• _Required action_: Would you reproduce exactly, and only, the lines starting at the one with "Plateforme web SilverPro" and ending at the last line of the data, with both included? Leave the pictures out.

• _Information provided_:
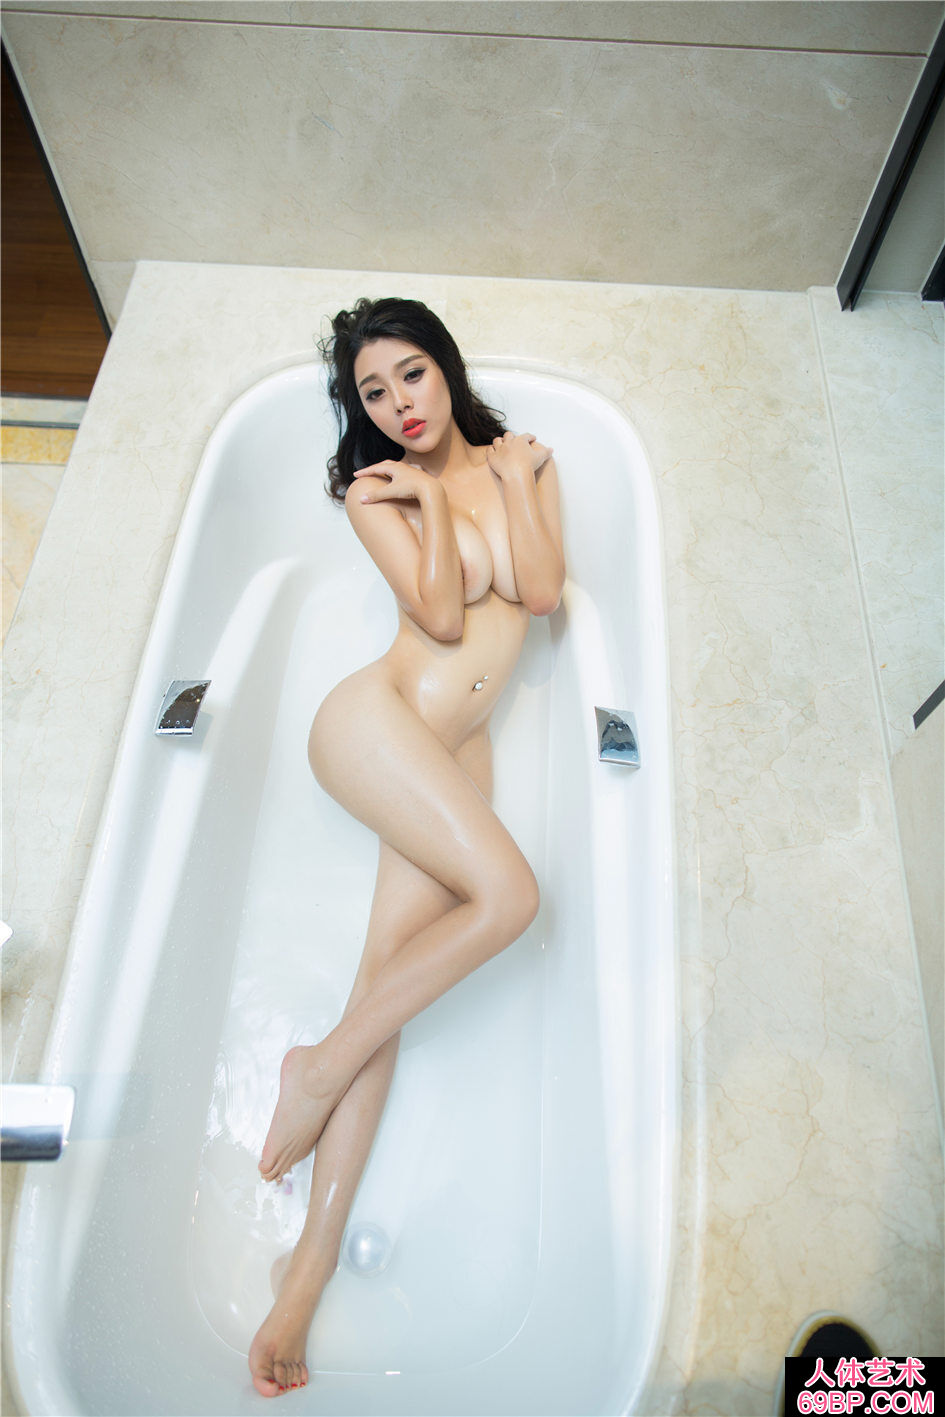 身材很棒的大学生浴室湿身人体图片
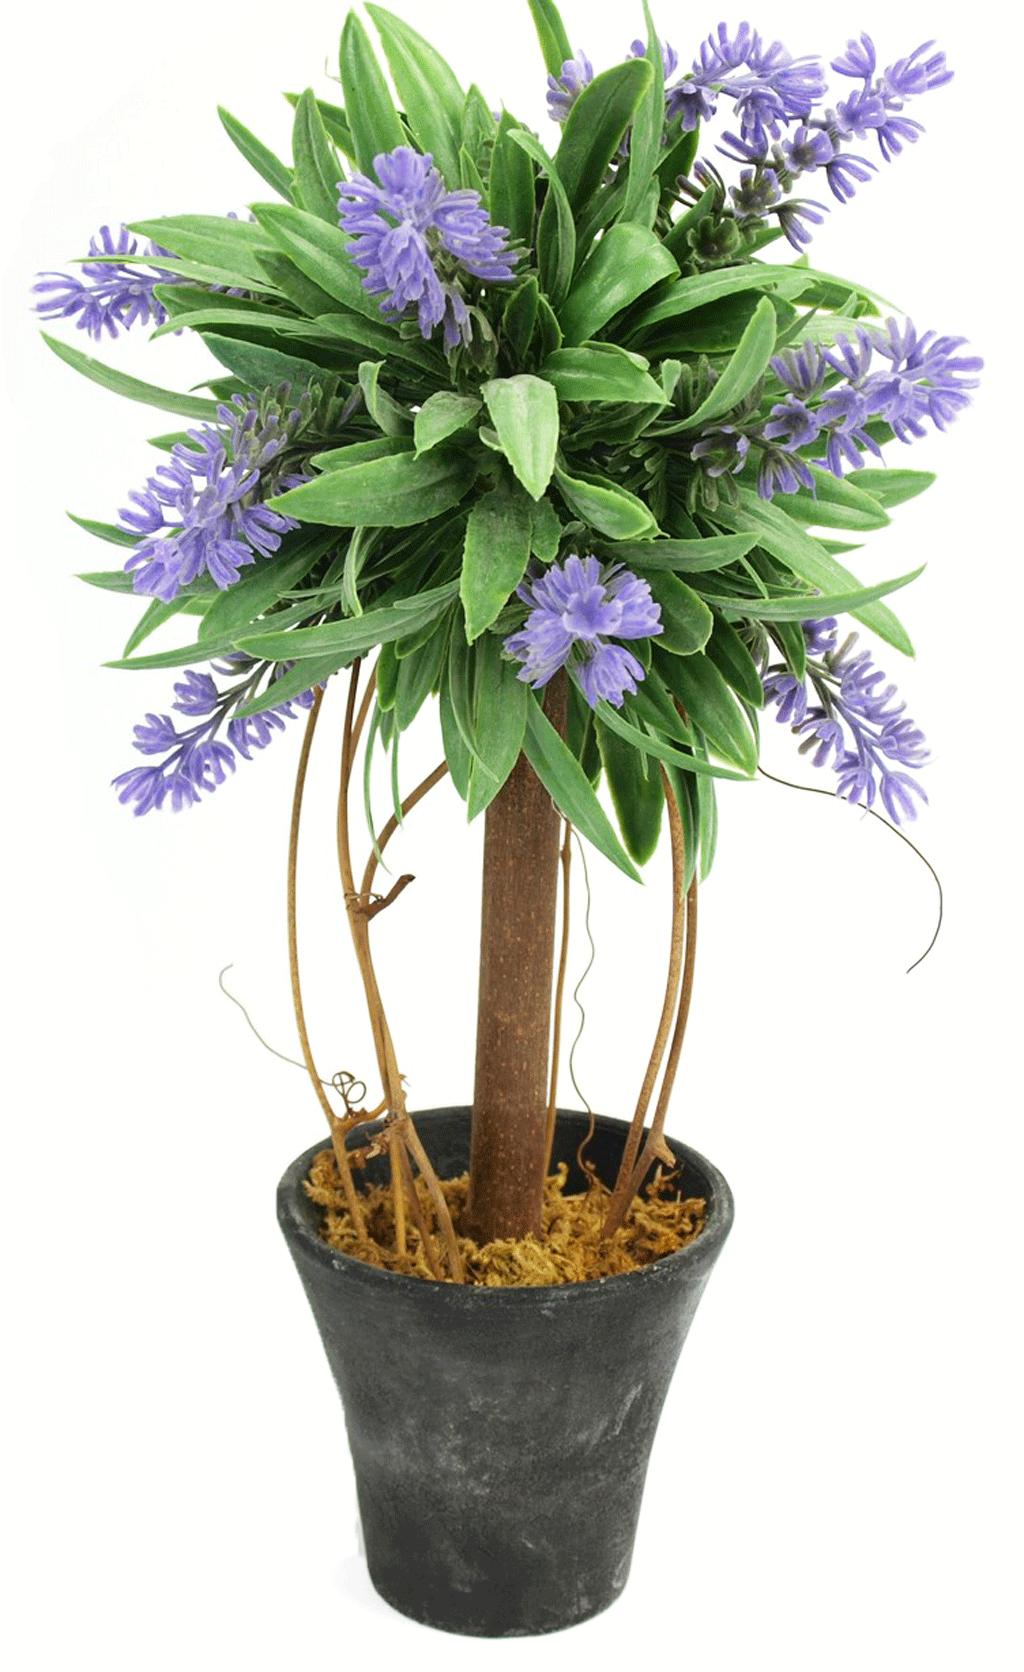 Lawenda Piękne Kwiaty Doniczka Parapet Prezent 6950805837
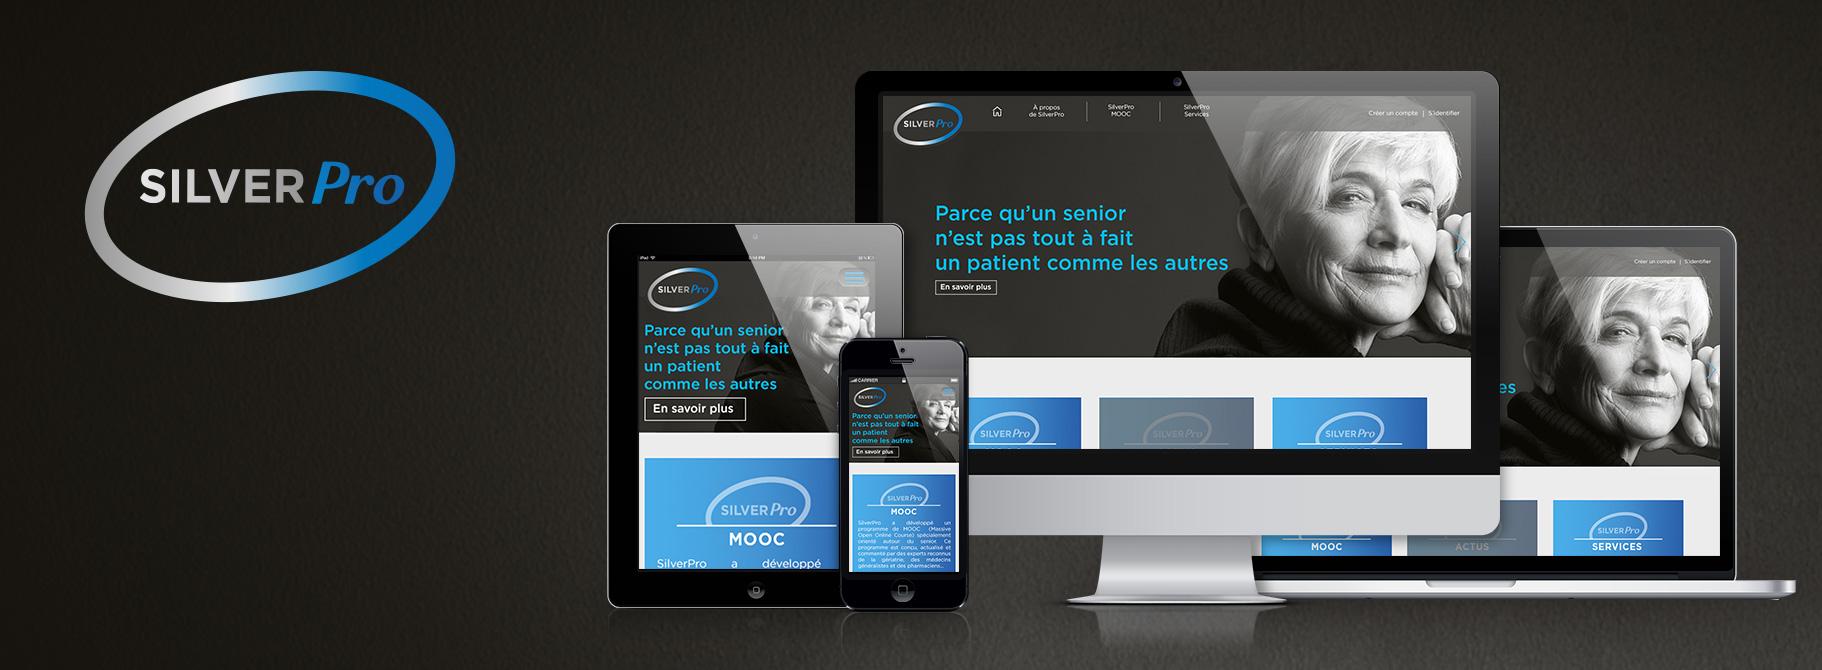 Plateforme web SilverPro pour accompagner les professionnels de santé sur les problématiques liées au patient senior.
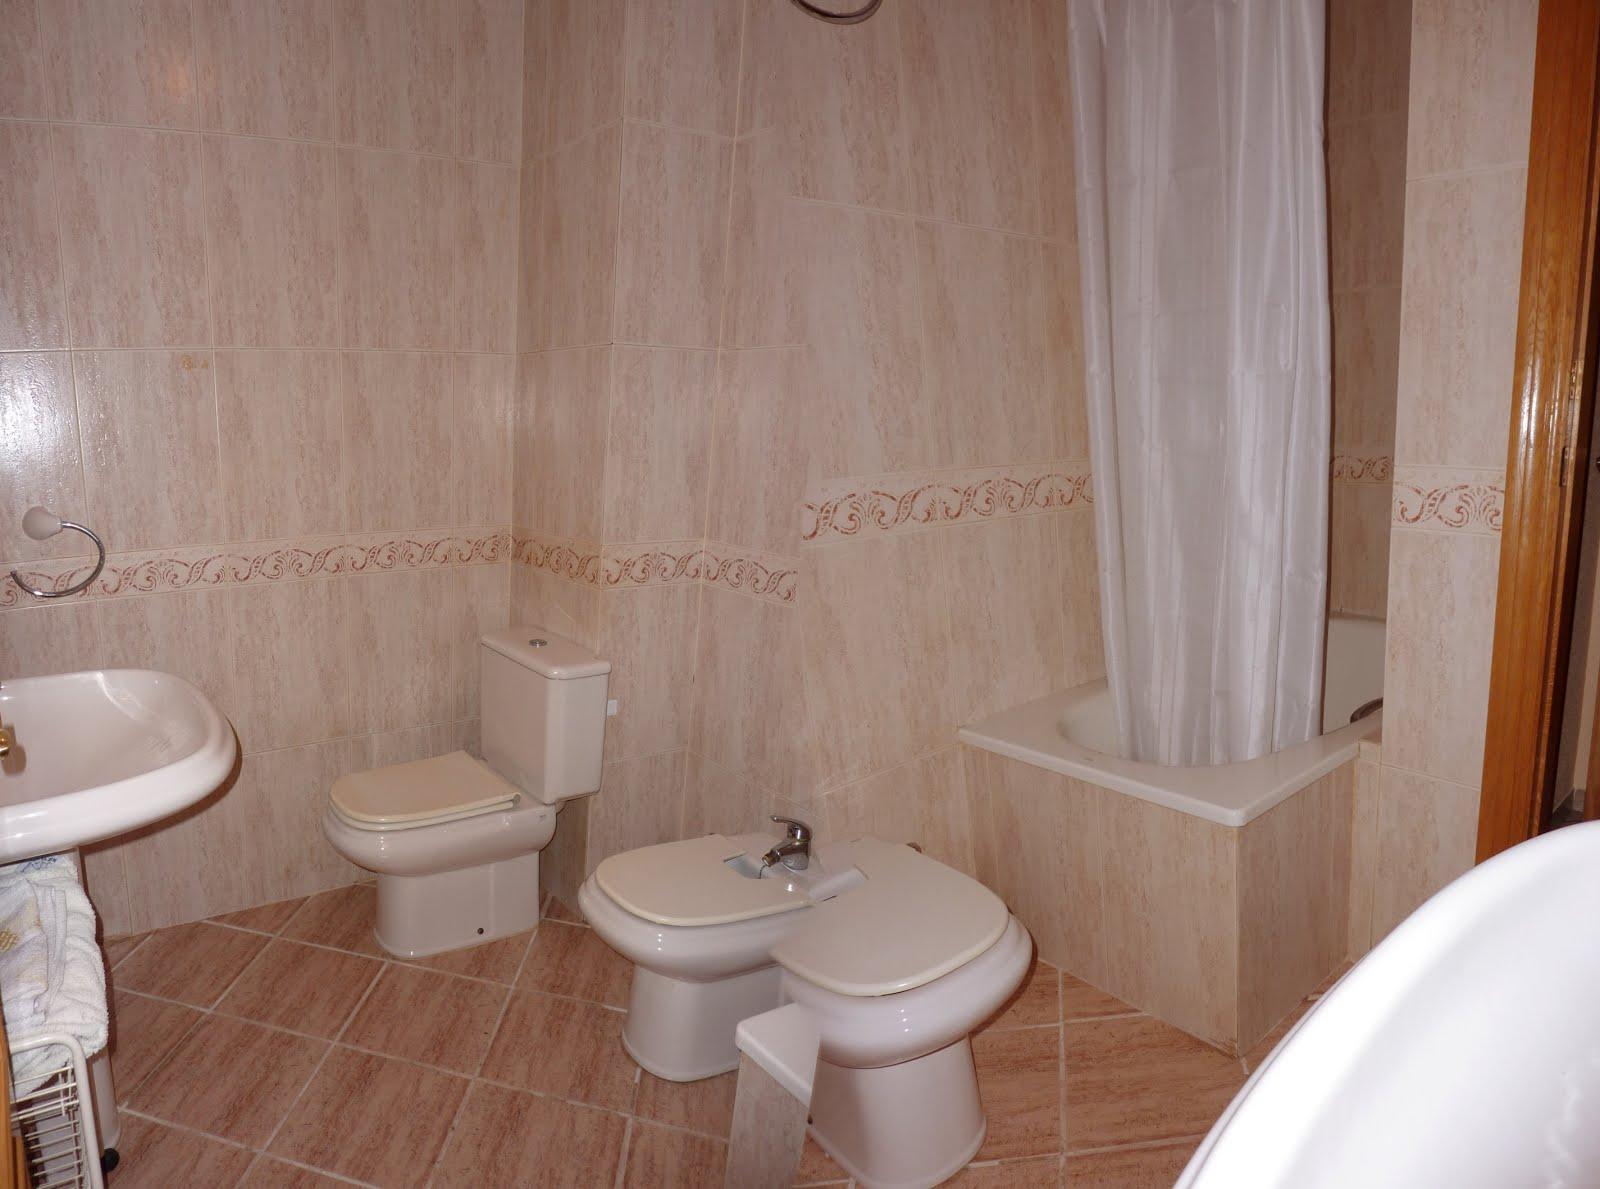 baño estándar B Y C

• _Result of this task_:
 Plateforme web SilverPro pour accompagner les professionnels de santé sur les problématiques liées au patient senior.
 baño estándar B Y C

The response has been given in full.